● Aim of the exercise: Restate word for word the lines from the one bearing "Indigo Bonding Sleeveless Top(0721)-9" through the end of the entries below, and leave every picture out.
··· Exercise inputs ···
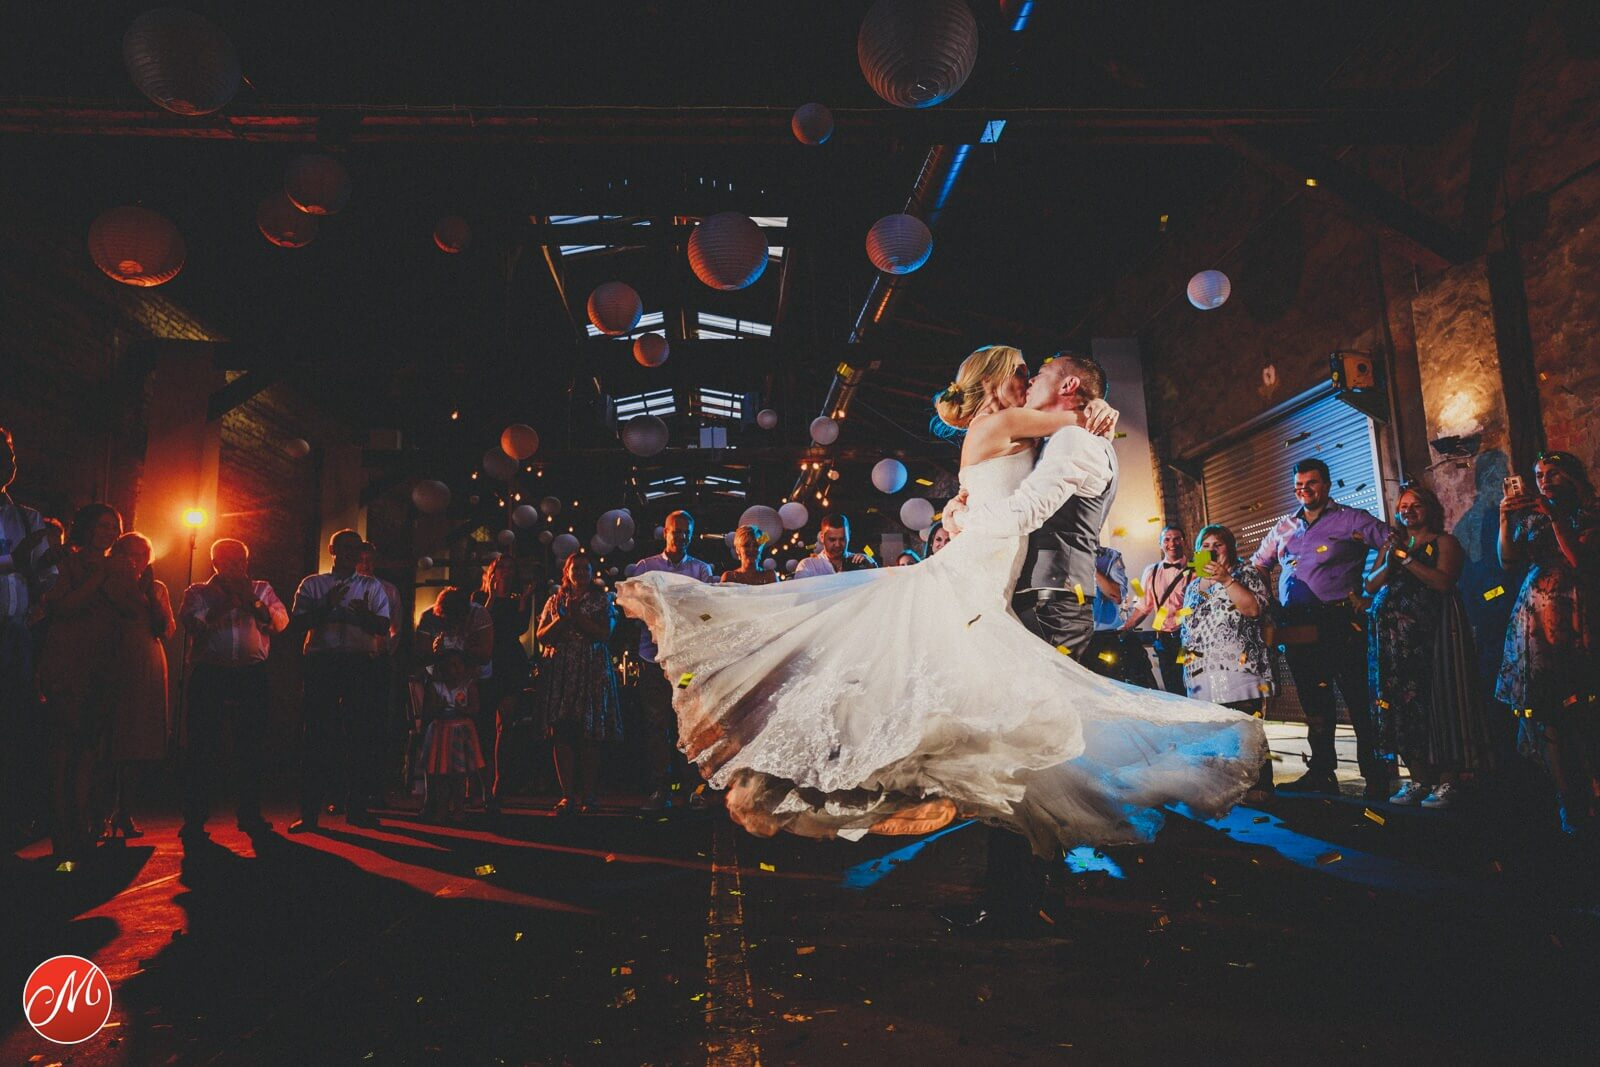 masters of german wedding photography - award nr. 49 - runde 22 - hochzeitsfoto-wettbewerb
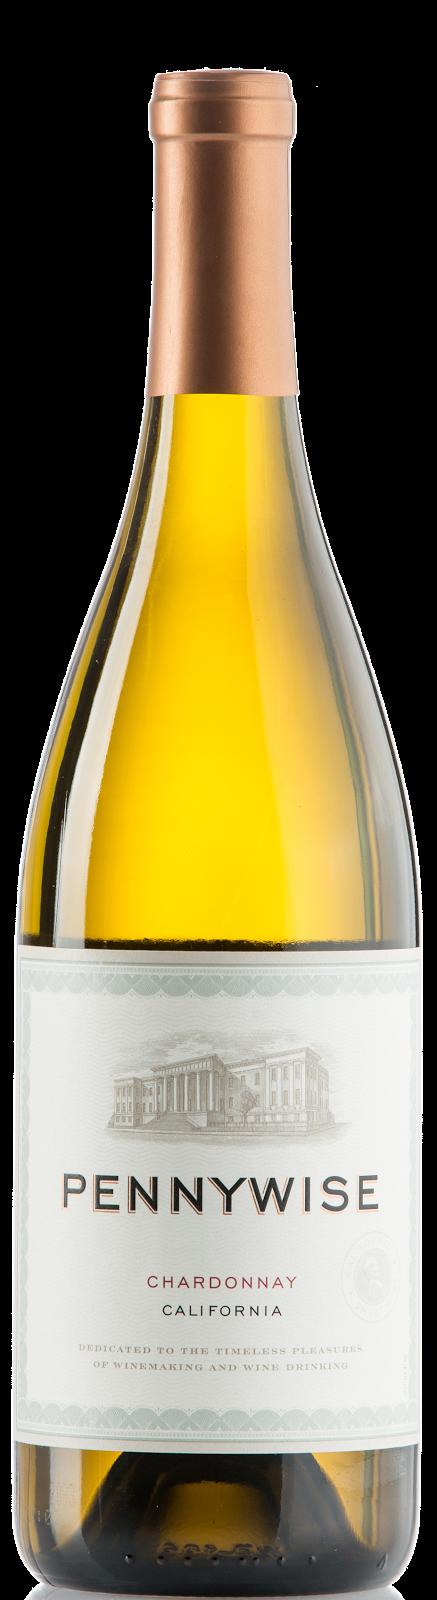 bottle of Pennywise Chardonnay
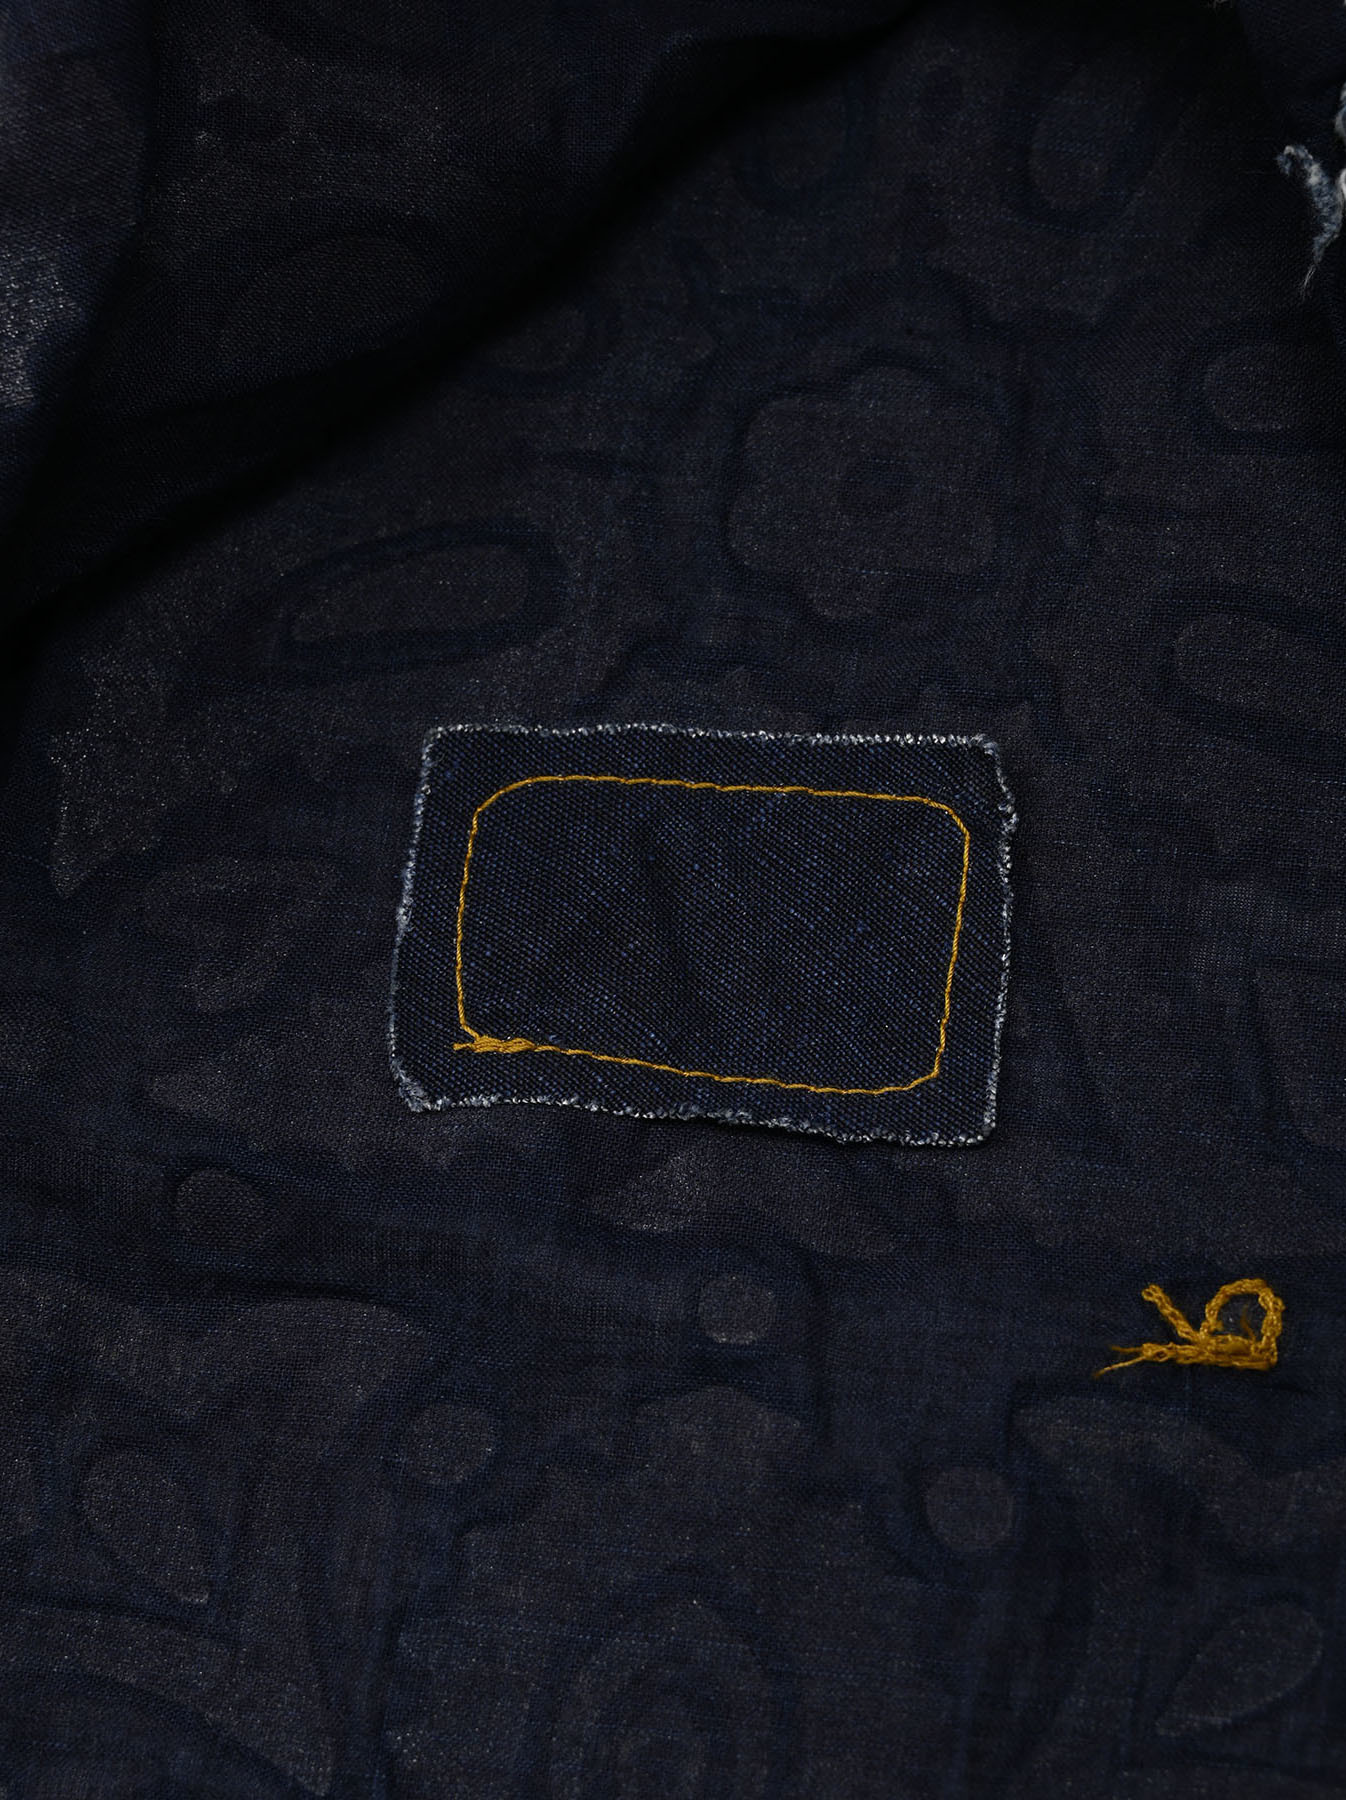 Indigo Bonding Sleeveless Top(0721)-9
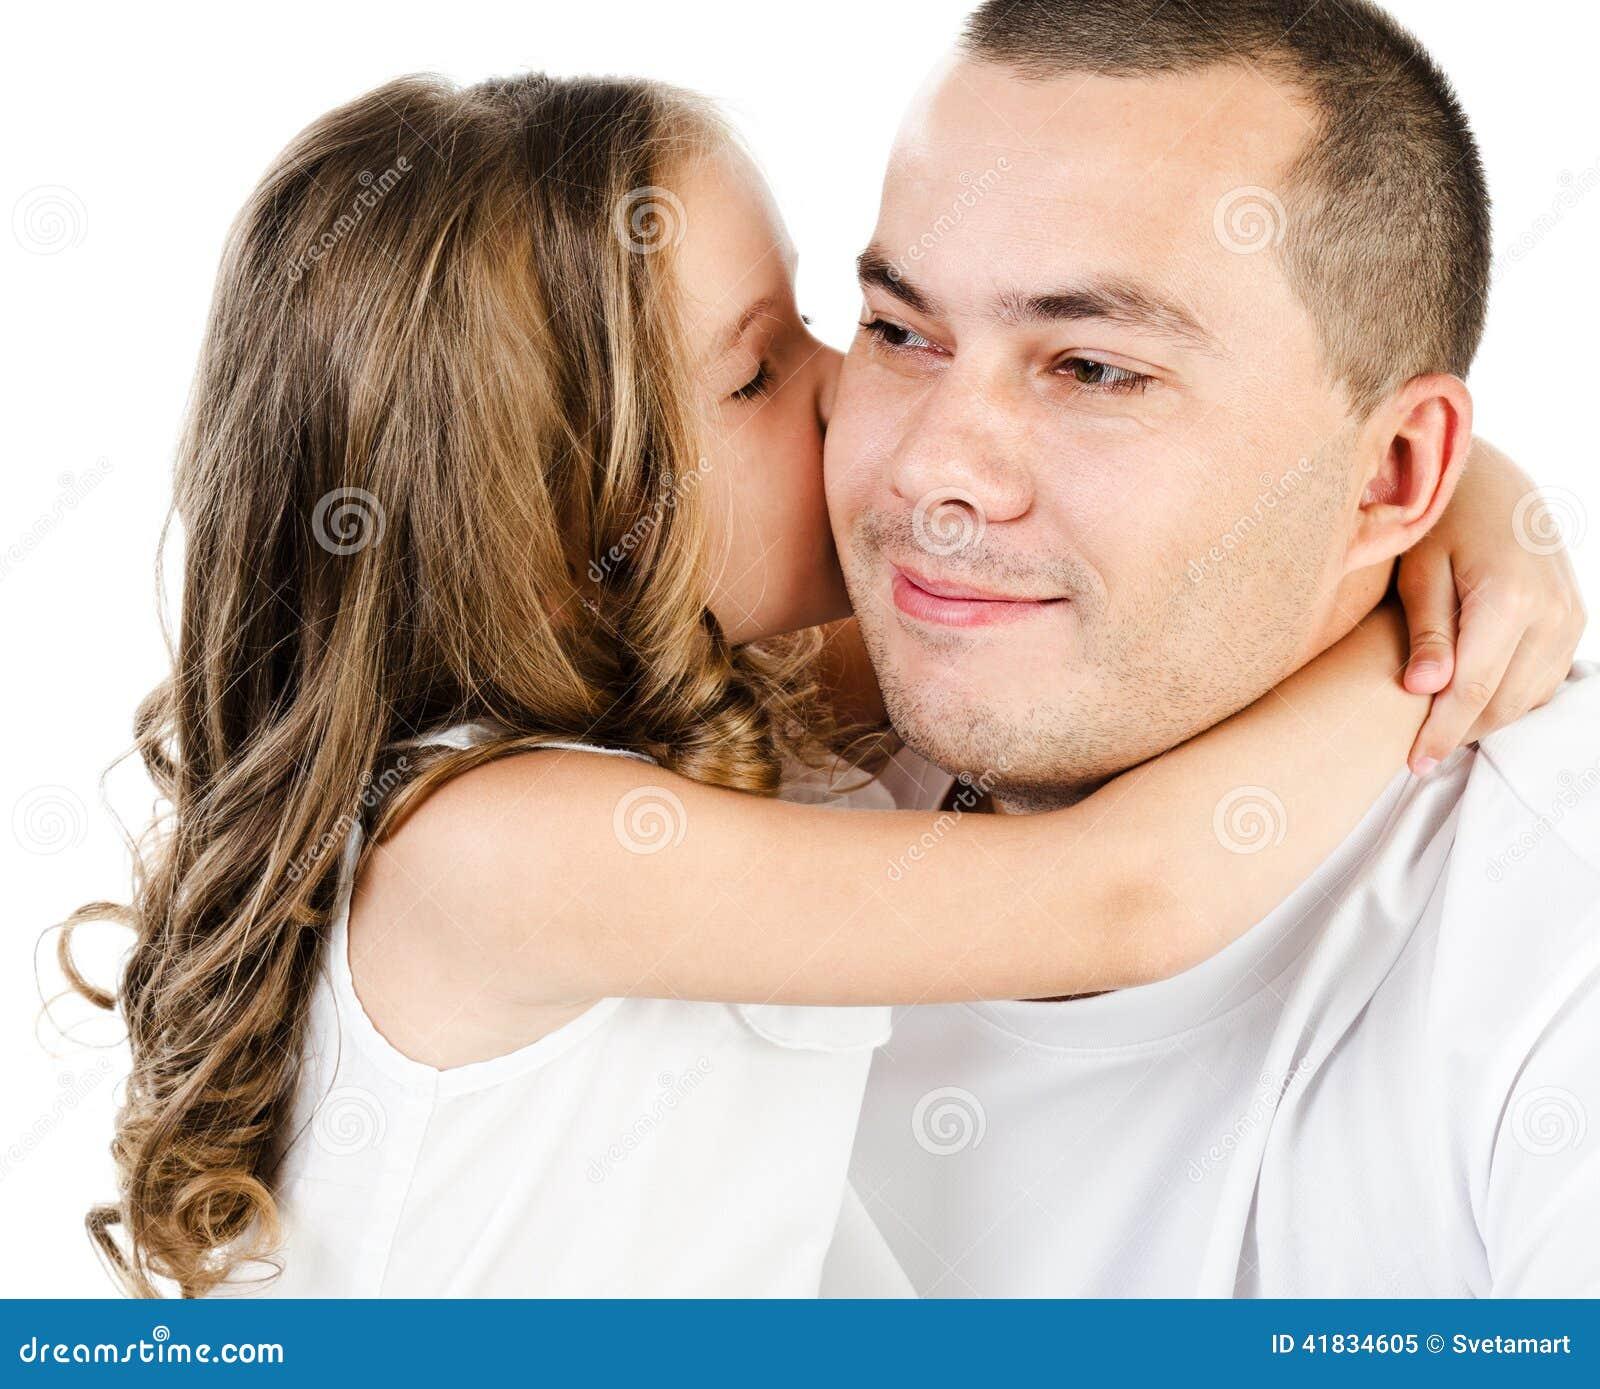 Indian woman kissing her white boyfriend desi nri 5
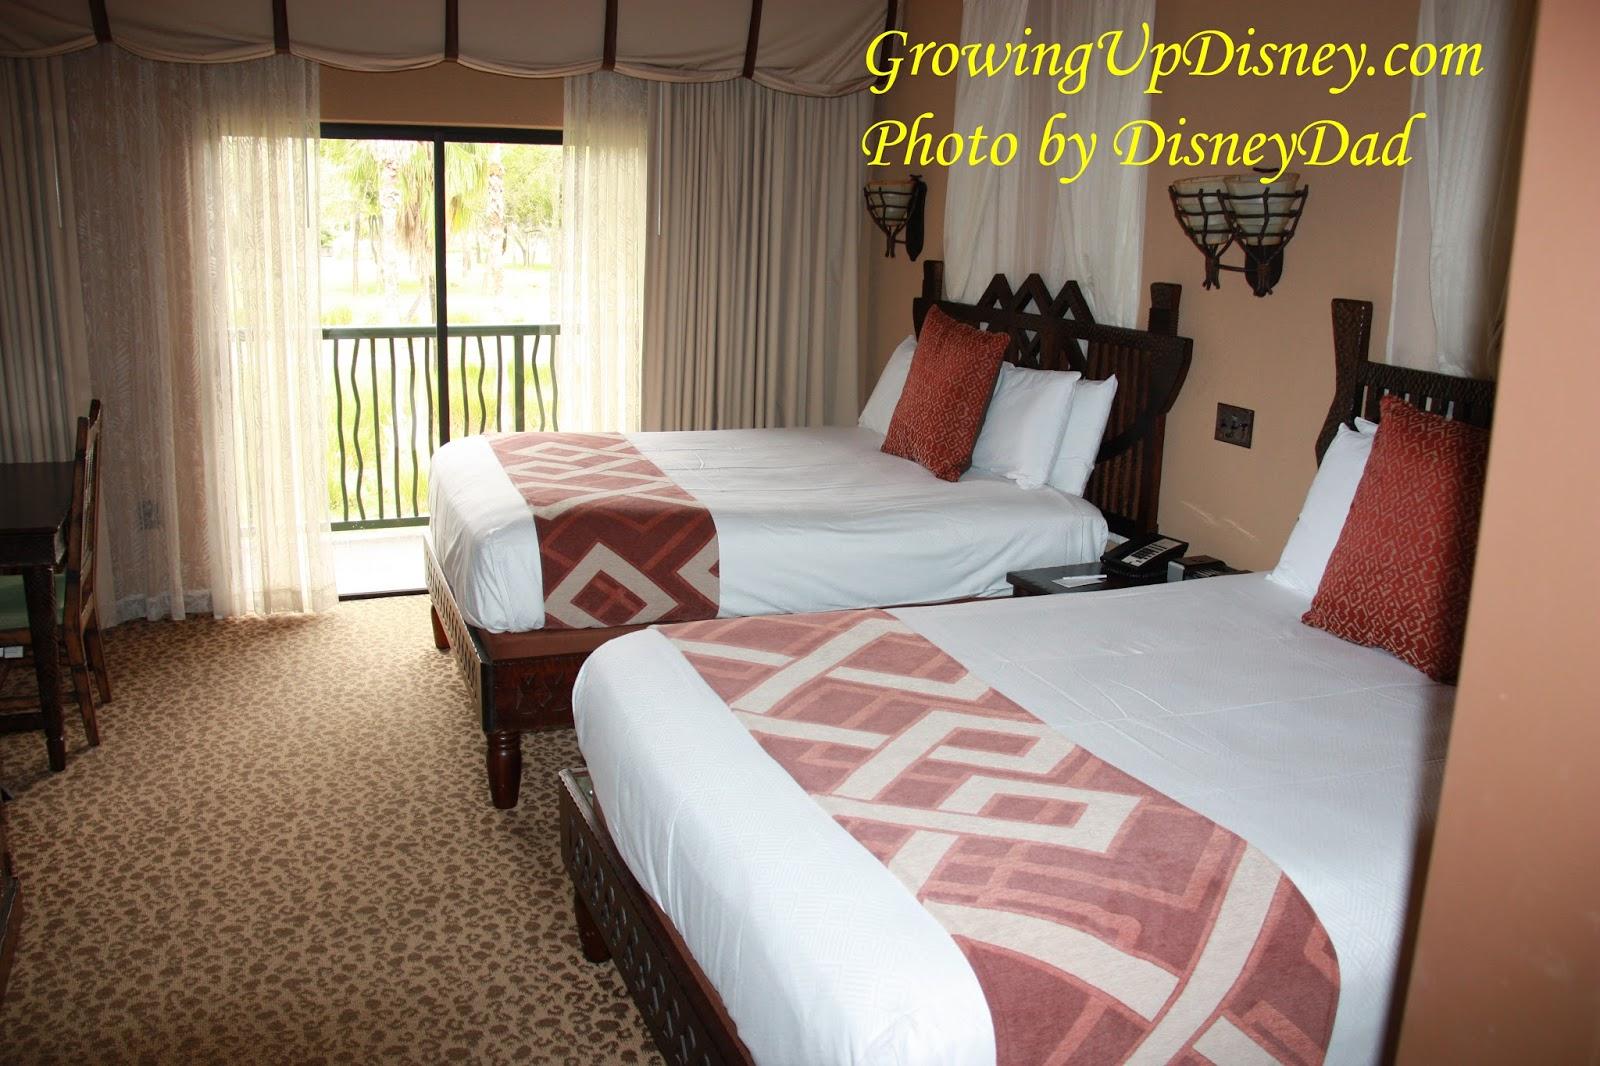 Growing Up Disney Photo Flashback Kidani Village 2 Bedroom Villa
···
● Answer area:
 Indigo Bonding Sleeveless Top(0721)-9
 Indian woman kissing her white boyfriend desi nri 5
 Growing Up Disney Photo Flashback Kidani Village 2 Bedroom Villa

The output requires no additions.